# drivers side CV joint boot seems ripped.



## urmysl00t2 (Sep 13, 2004)

i noticed a grinding noise a while ago and i thought it was my brakes, i took it to a shop and he told me it was my CV joint... there was grease and all sorts of dirt around that area, and the boot, was ripped nearly in 2 how difficult would it be to replace that part?


----------



## scooterbob (Jun 16, 2004)

urmysl00t2 said:


> i noticed a grinding noise a while ago and i thought it was my brakes, i took it to a shop and he told me it was my CV joint... there was grease and all sorts of dirt around that area, and the boot, was ripped nearly in 2 how difficult would it be to replace that part?


If it's already grinding it would be best to replace the unit with a new/rebuilt one. It's not too hard to do if you have decent mechanical skills. It is possible to clean and repack the existing CV joint, but you would still be taking the chance on if it got damaged or not.
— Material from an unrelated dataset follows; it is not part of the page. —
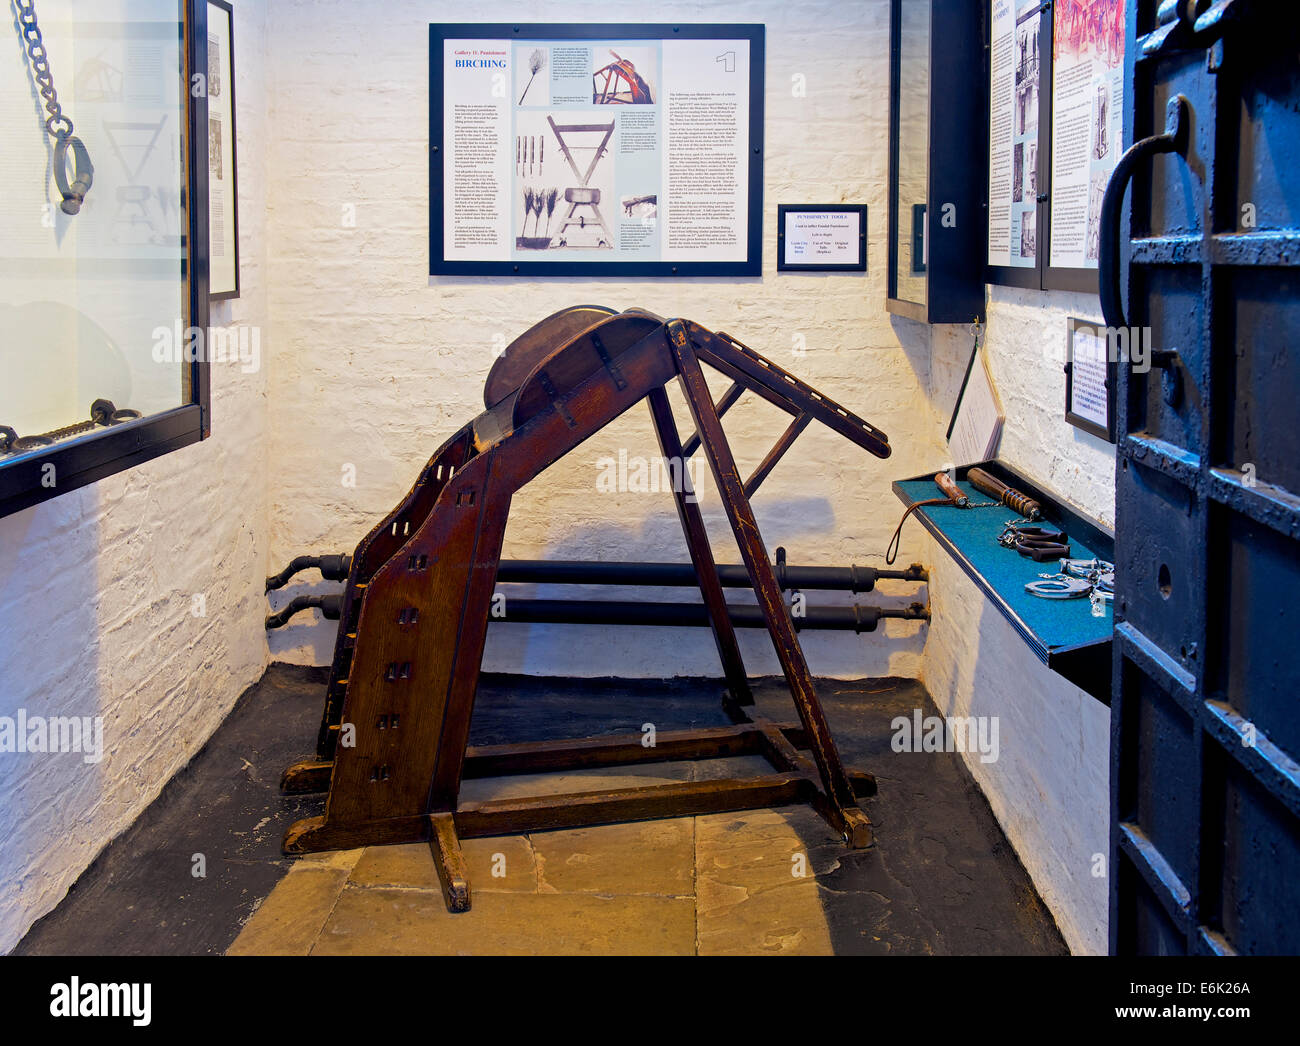 Exhibit in the Prison and Police Museum, Ripon, North Yorkshire, England UK Stock Photo

You may want to clean the joint really good (while it's still in the car) and see if you can tell if there is any visual damage. IMO it is best just to swap it out. That way there is less worry of being stranded or tearing up more if it goes out. Good luck!


----------



## azkicker0027 (May 31, 2002)

remanufactured units are not as bad anyway. i've replaced both shafts on my other car for a lot less than getting a completely new one, and yes, the risk factor. if it was only leaking, i'd do the repair kit, but since it's making noises, replace it.


----------



## lshadoff (Nov 26, 2002)

urmysl00t2 said:


> i noticed a grinding noise a while ago and i thought it was my brakes, i took it to a shop and he told me it was my CV joint... there was grease and all sorts of dirt around that area, and the boot, was ripped nearly in 2 how difficult would it be to replace that part?


You must remove the axle to replace the CV joint. It requires removing the wheel bearing lock nut (large breaker bar or air tools required), the strut lower mounting bolts, to remove the outer end of the driveshaft. You might need a puller to separate the driveshaft from the steering knuckle. 

The driver side drive shaft is held in with a circlip which makes it difficult to withdraw. If you have a manual transmission you can use a crow bar to lever it out. With a manual trans, you may have to remove the passenger side driveshaft so that you can put a drift through the trans and hit it. 

The passenger side drive shaft is levered out with a screwdriver. 

You should replace the seals when installing the drive shaft. 

Replacing the drive shaft in the trans can be tricky aligning the circlip. Apply heavy grease around the circlip to keep it in place while inserting the driveshaft in the trans. 

The wheels need to be realigned when you're done. 

Lew


----------



## Tavel (Aug 21, 2004)

i have a hint: CV joints and axels cost about the same, so make it an easier job and *replace the whole axel*. it's much easier than replacing the cv joint because there is actually fewer steps. plus the cv joints will be packed and sealed from the factory, which means the boot may last longer.

you'll need about 2 quarts of tranny oil/atf because some will leak out when you remove the axel.

and you'll definitly need a very big breaker bar to remove the axel nut, i guestimated that mine was put on with about 180 ft/lbs of force...but my guess is that the previous owner did that when he replaced the tranny. i had a 2 ft breaker bar with an additional 4 ft length of pipe...so i had a 4 ft breaker bar.


----------



## scooterbob (Jun 16, 2004)

Tavel said:


> i have a hint: CV joints and axels cost about the same, so make it an easier job and *replace the whole axel*. it's much easier than replacing the cv joint because there is actually fewer steps. plus the cv joints will be packed and sealed from the factory, which means the boot may last longer.
> 
> you'll need about 2 quarts of tranny oil/atf because some will leak out when you remove the axel.
> 
> and you'll definitly need a very big breaker bar to remove the axel nut, i guestimated that mine was put on with about 180 ft/lbs of force...but my guess is that the previous owner did that when he replaced the tranny. i had a 2 ft breaker bar with an additional 4 ft length of pipe...so i had a 4 ft breaker bar.


I agree totally. I did loose a bit of oil when the shaft was out. Good idea to have that on hand before you start. As far as the hub nut, I had to use an electrical impact/socket to get it loose. Just save yourself the hassle and get the whole unit. One thing I had run into when I did both of mine is that the passenger side was hard to come by. I ended up having a shop rebuild the original with oversized bearings for about the same price as a rebuild unit. Good luck regardless of what you decide. :cheers:


----------